Understood why you need a new architecture, offered a solution.
Initially, the question was whether this architecture meets the requirements.
And now we can answer, yes, at least in that small part of C, which we managed to verify, we received
- expected hardware simplification
- outwardly imperceptible scalability by the number of registers
- as well as the number of functional devices
- potential compiler simplification
At the first (amateurish) view, the principal problems that impede the implementation of such an architecture in hardware are not visible.

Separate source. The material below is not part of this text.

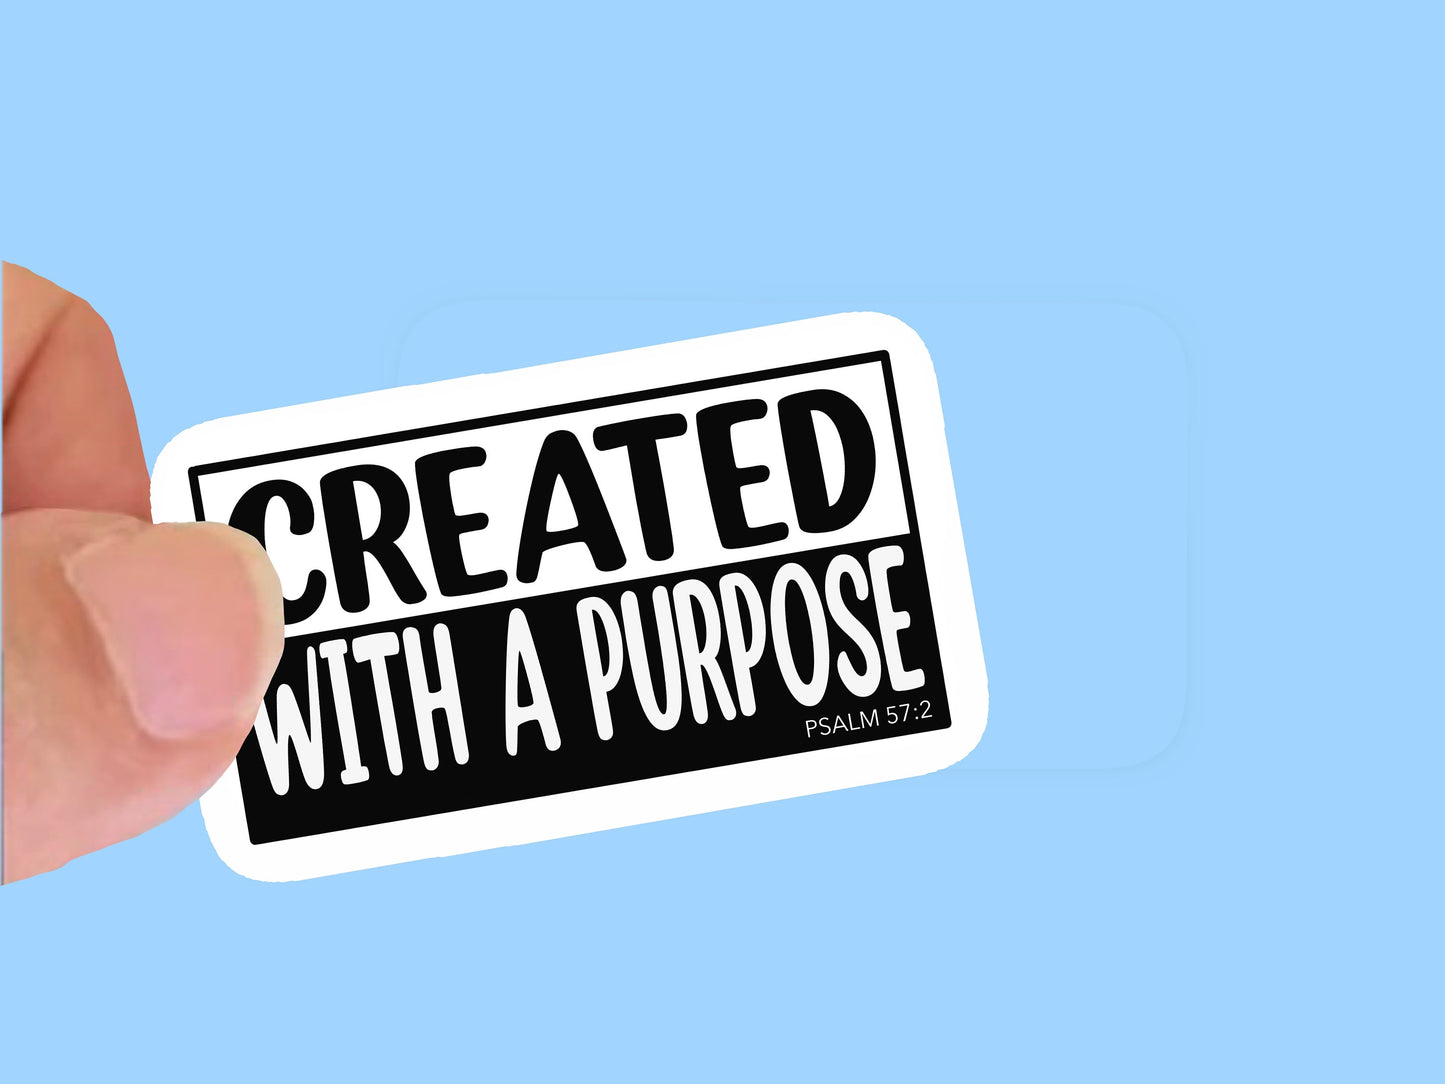 Created with a Purpose Psalm 57:2 , Christian Faith UV/ Waterproof Vinyl Sticker/ Decal- Choice of Size, Single or Bulk qty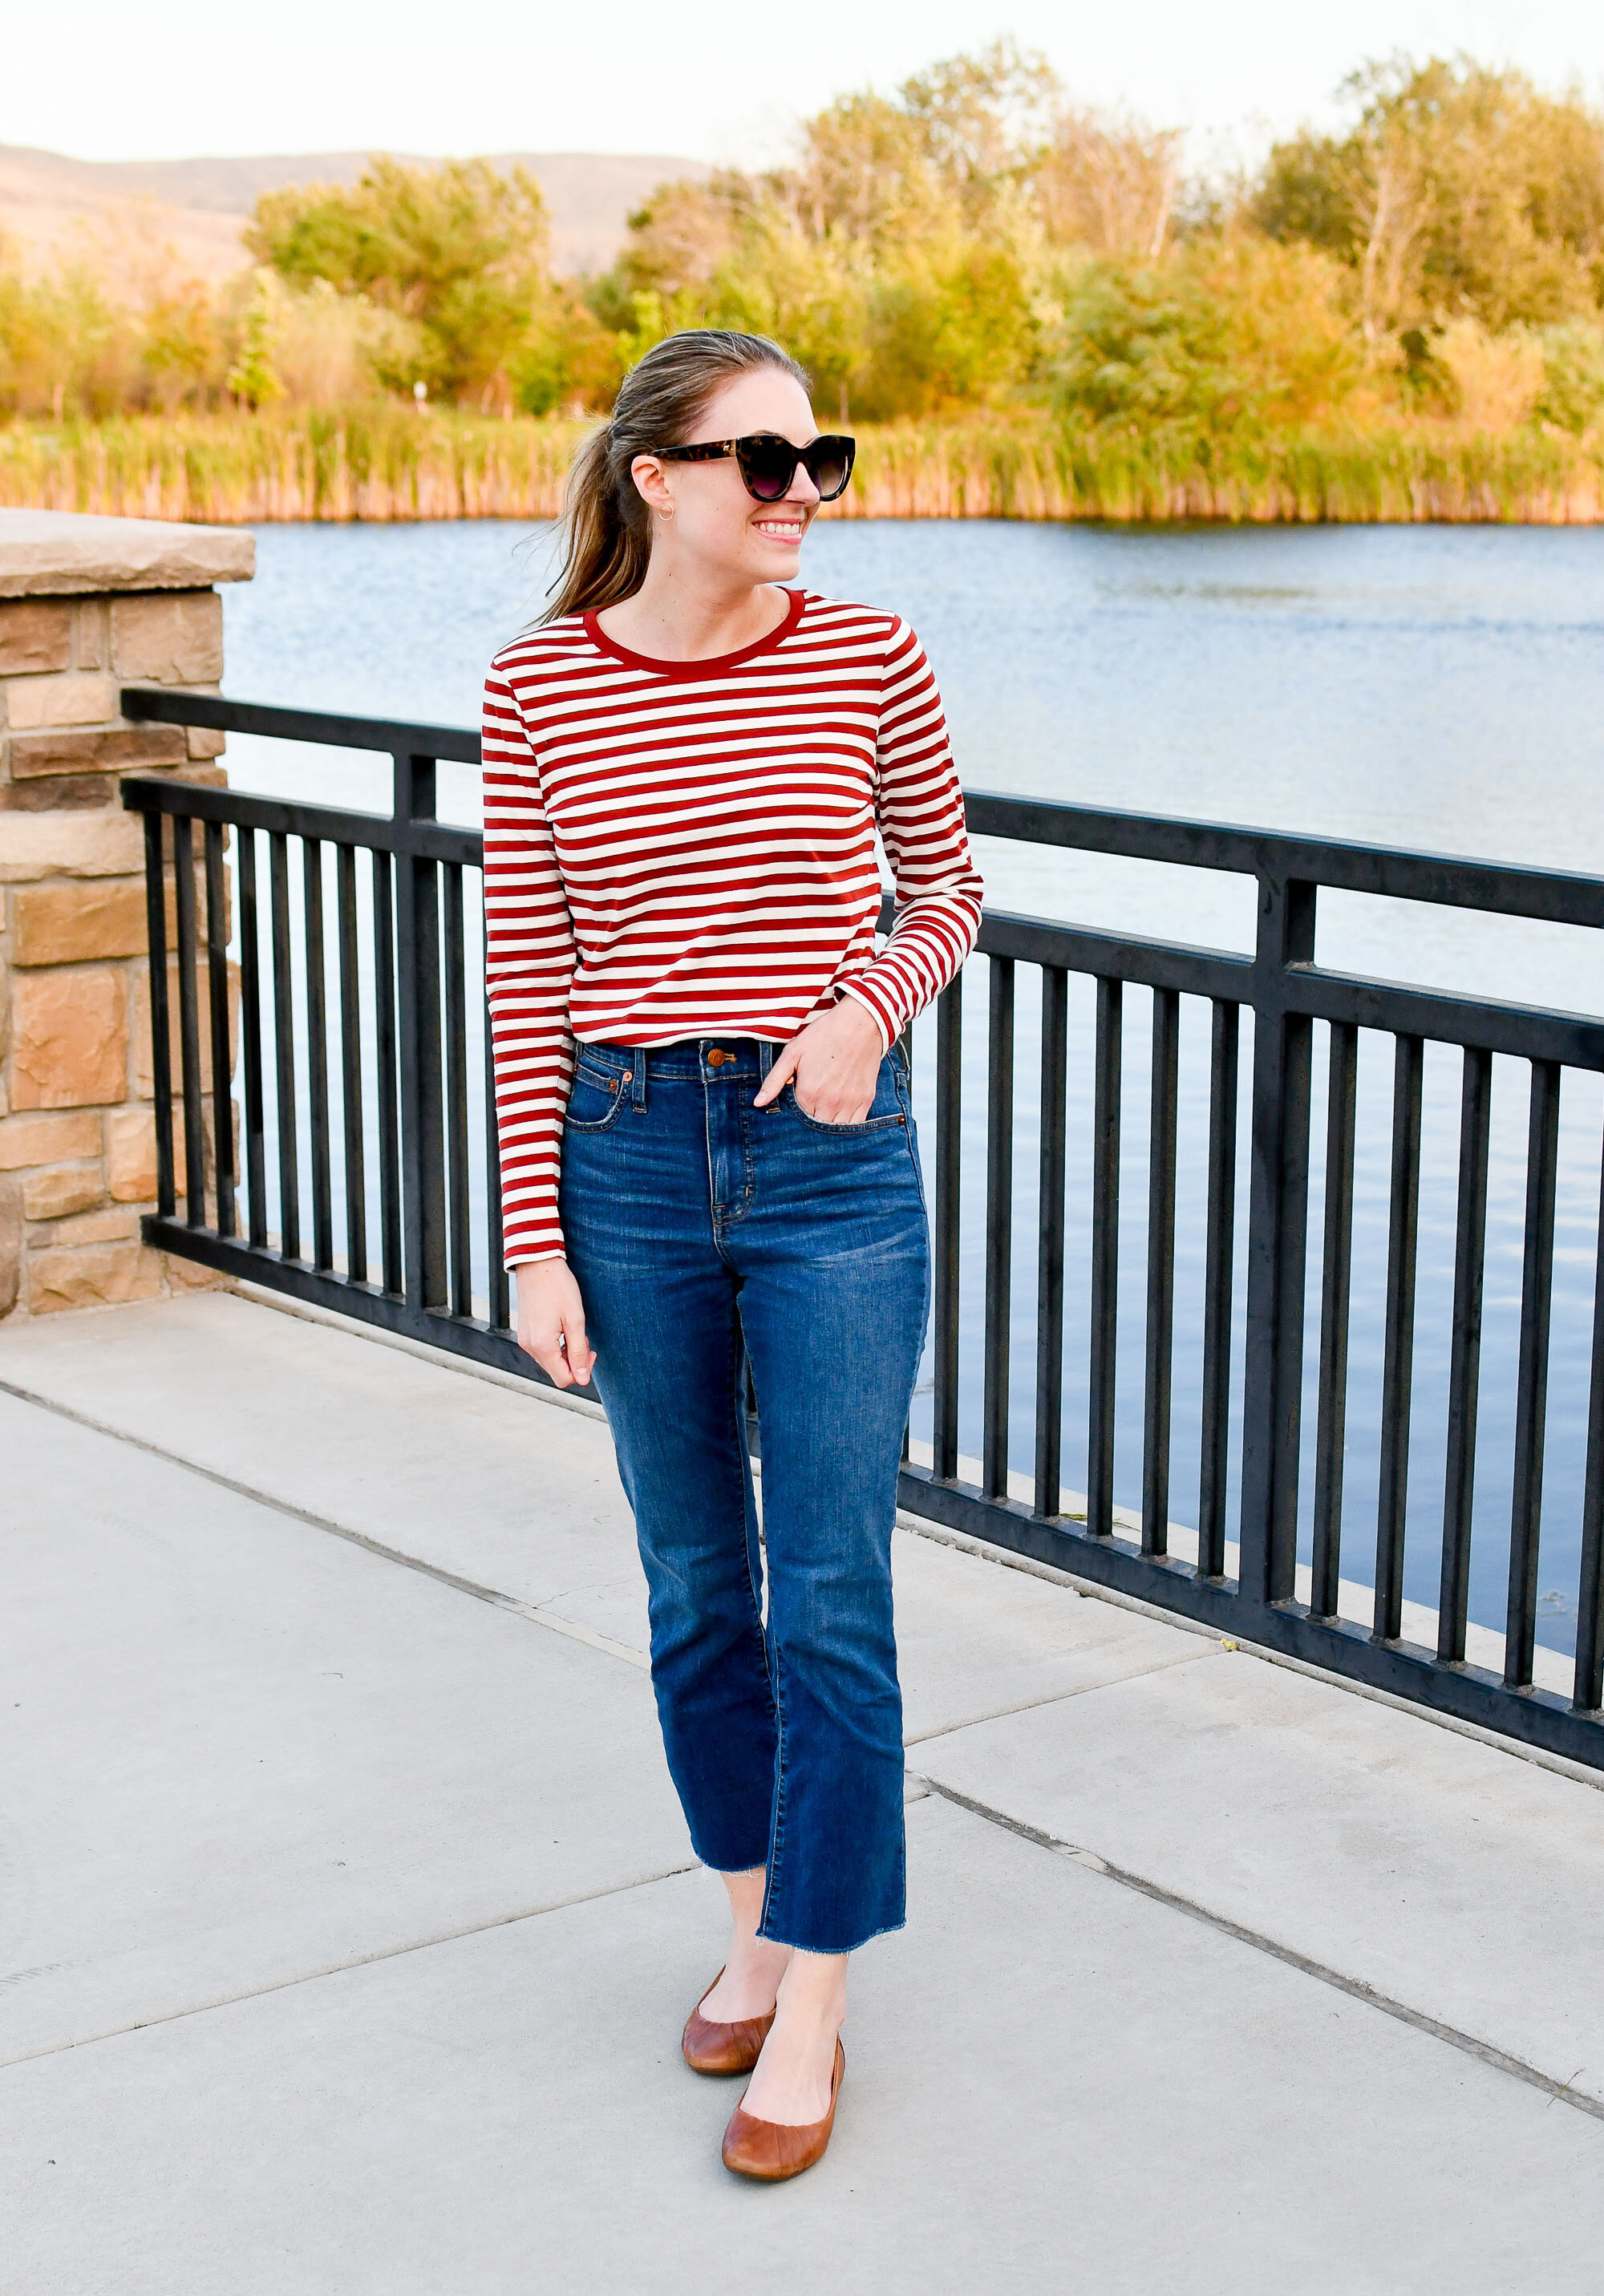 Favorite outfit: Madewell Idaho — Cotton Cashmere Cat Hair

We intentionally did not consider such things as:
- floating point calculations, do they need a separate stack, ...
- cpu state saving when switching context
- interrupts
- ...
All these questions are important, but less important.
And at the moment the author considers his task accomplished.